Libya, excluded from the Opec quota because of its internal problems, has a new government that is managing to get production flowing again. In June, Libyan production was up to almost 1m barrels a day. Its capacity is probably still more than 1.5m barrels a day. That level won’t be achieved immediately but there is every chance that production will rise further before the end of 2017. In Nigeria, also excluded from the cartel’s quota deal, production is increasing again. The country has offered to cap output at 1.8m barrels a day but that is still 200,000 above current levels. Russia, which never fully met its promised adherence to the Opec quotas, has every incentive to increase output and revenue ahead of next year’s presidential election, as do other oil exporters from Algeria to Venezuela. Any increase in prices produced by the Saudi action will be very welcome, but will also encourage suppliers to put more oil on the market to maximise immediate revenue.

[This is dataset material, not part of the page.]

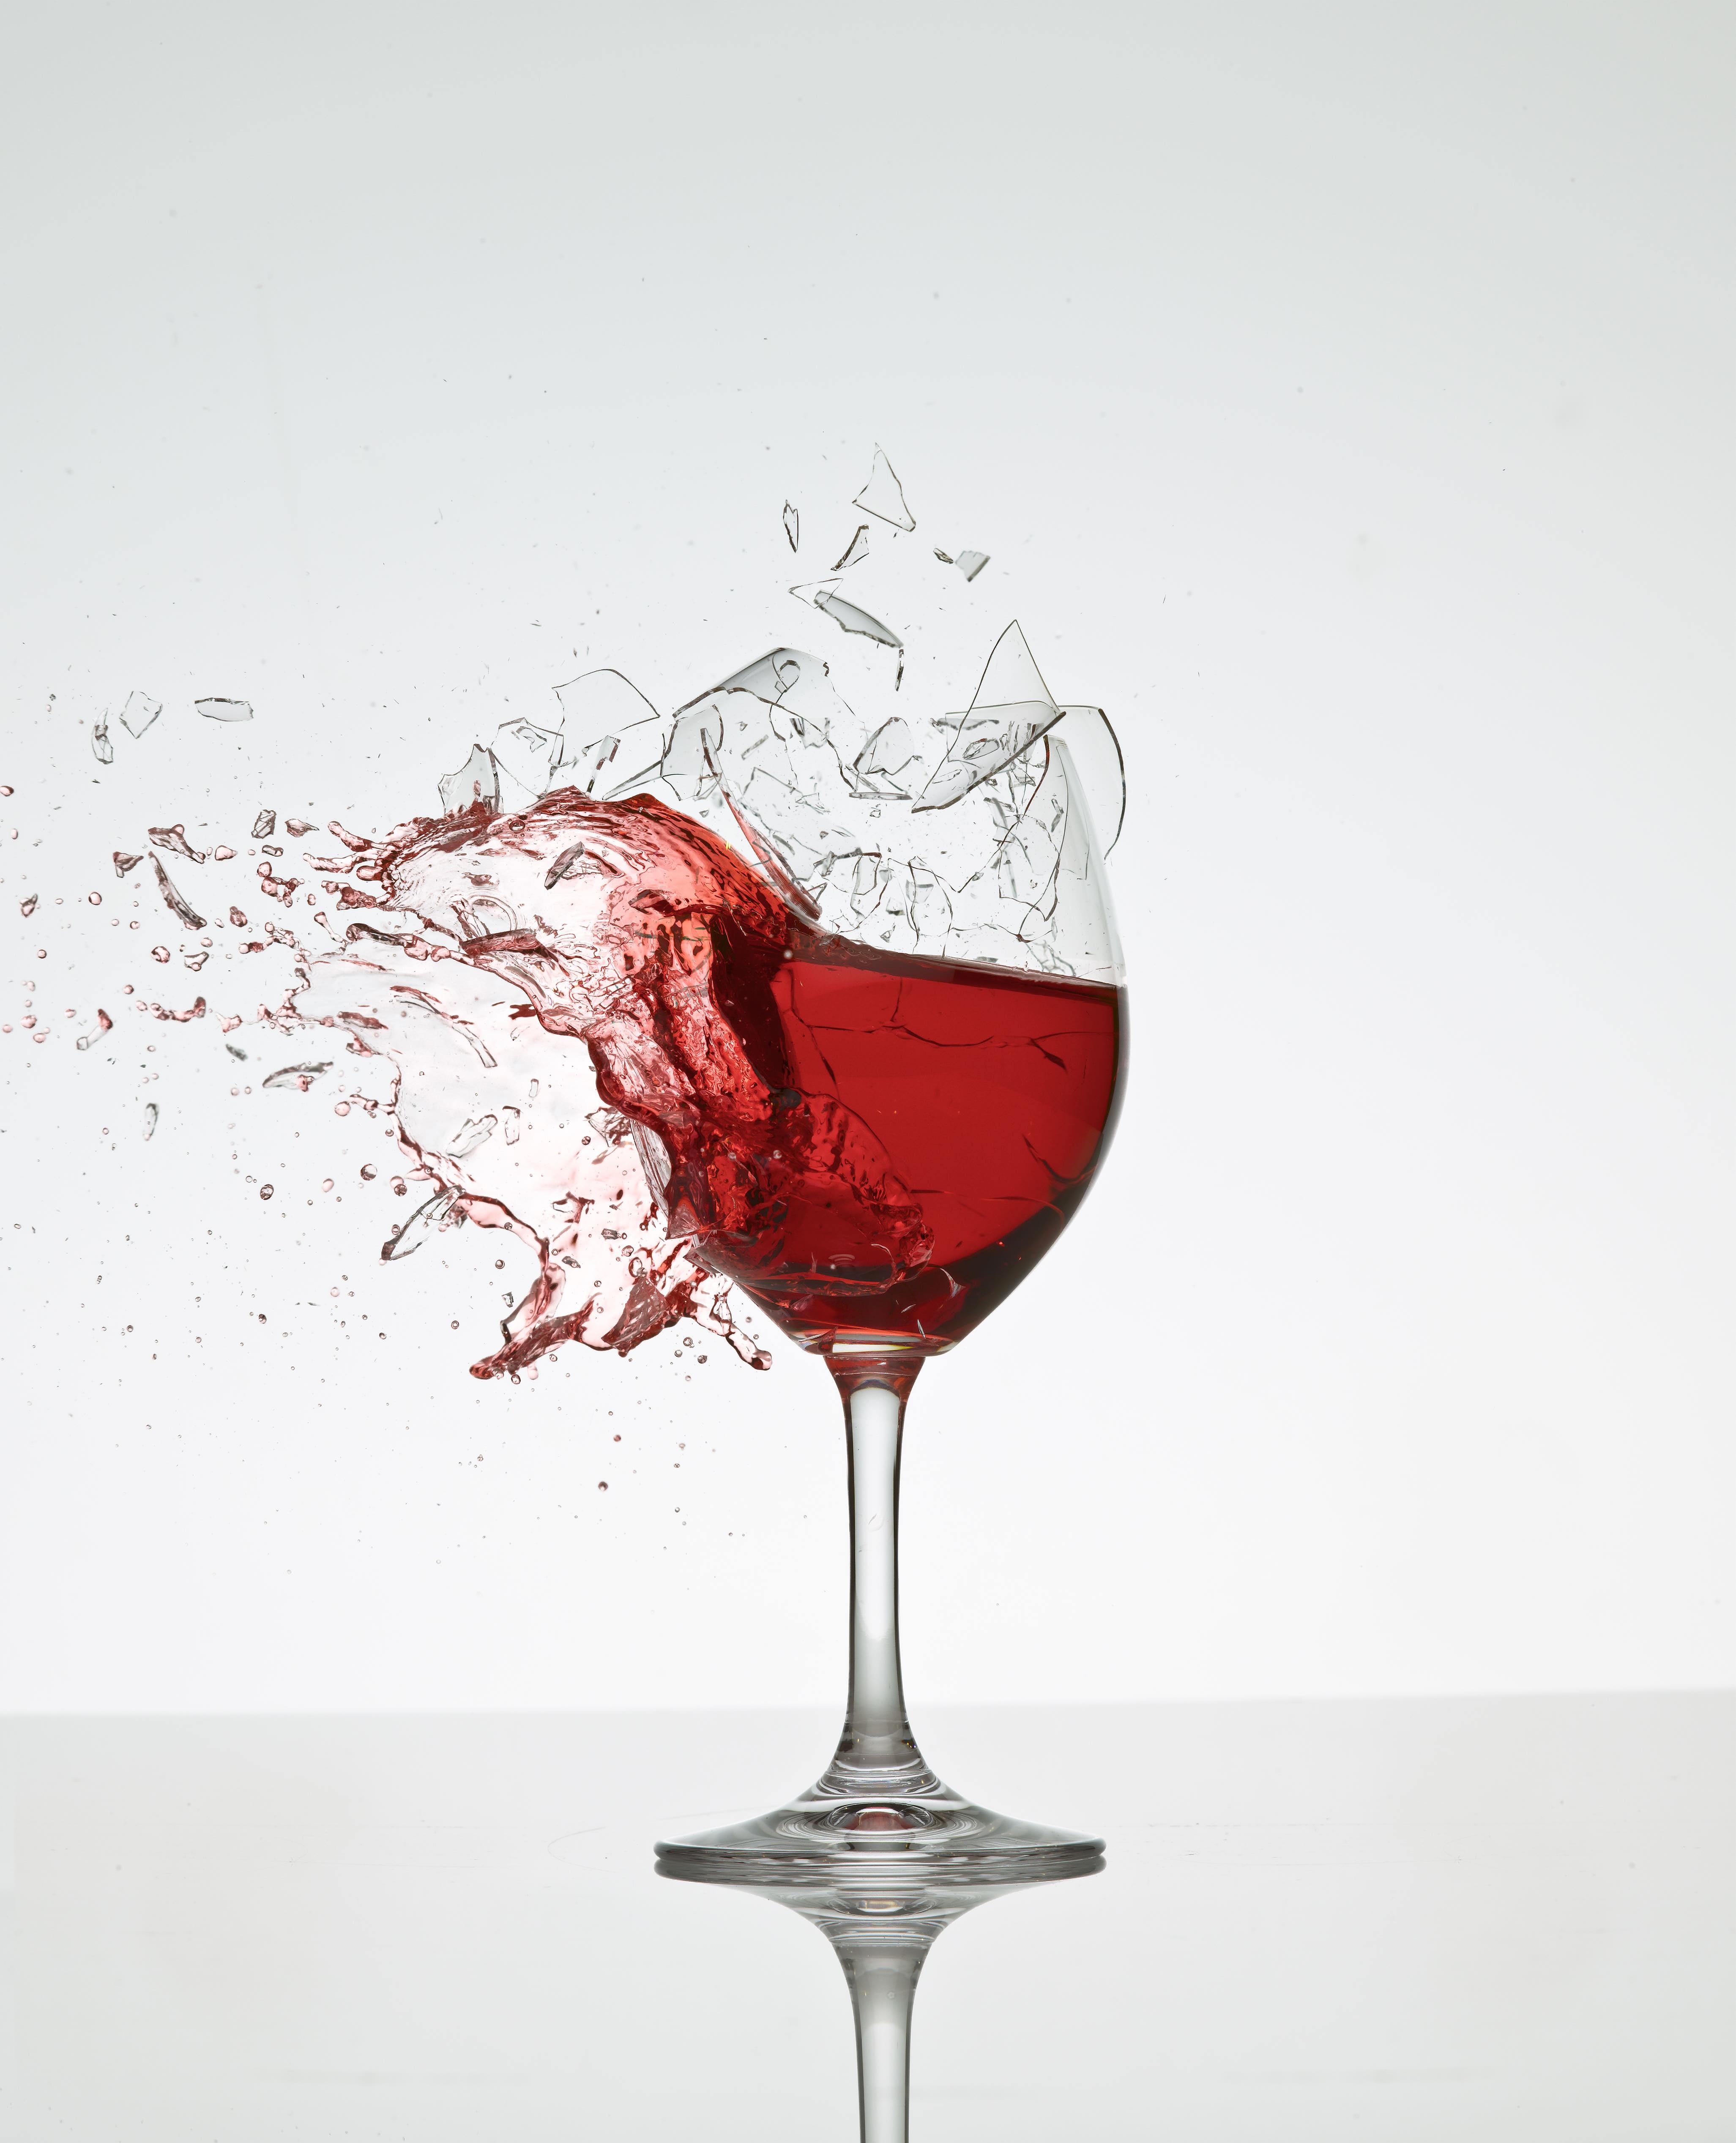 301 moved permanently - Beaker wine glasses ...

The temptation to cheat on any quota arrangement is always high. Most important of all, US production of oil from the shale rocks of the Permian basin is set to grow by around 780,000 barrels a day by the end of the year, with more to come in 2018. Even a marginal increase in prices could push this higher as fields taken out of production when prices were low come back on stream. The International Energy Agency in its most recent outlook on the oil market into next year sees total non-Opec production rising by another 1.5m barrels a day. In their view that is sufficient to cover the projected increase in global demand. Chinese oil consumption continues to grow — imports were up to more than 8.7m barrels a day in June — but that is still being offset by flat or even falling demand in the US, Europe and Japan.
The economic boom hoped for after the election of President Donald Trump in the US has not materialised. The second downward pressure on prices comes from the overhang of stocks built up over the last three years. An unexpected drawdown of stocks in the US helped support the short-term increase in oil prices but it will take a long, sustained excess of demand over supply for stocks to return to normal levels. All this suggests that the Saudi action is directionally right but insufficient. A cut of 1.5m to 2m barrels a day will be necessary and will have to be sustained if the stock overhang is to be removed.
Only then will supply and demand be back in balance. That would be a very substantial step for the Saudis, given their internal problems and revenue needs. Optimists will judge the Saudis to be moving in the right direction, recognising reality and overcoming the humiliation of being the swing producer. Realists will be more cautious and wonder whether the new Saudi leadership will ever sanction the dramatic cut in output (and revenue) needed to stabilise the market.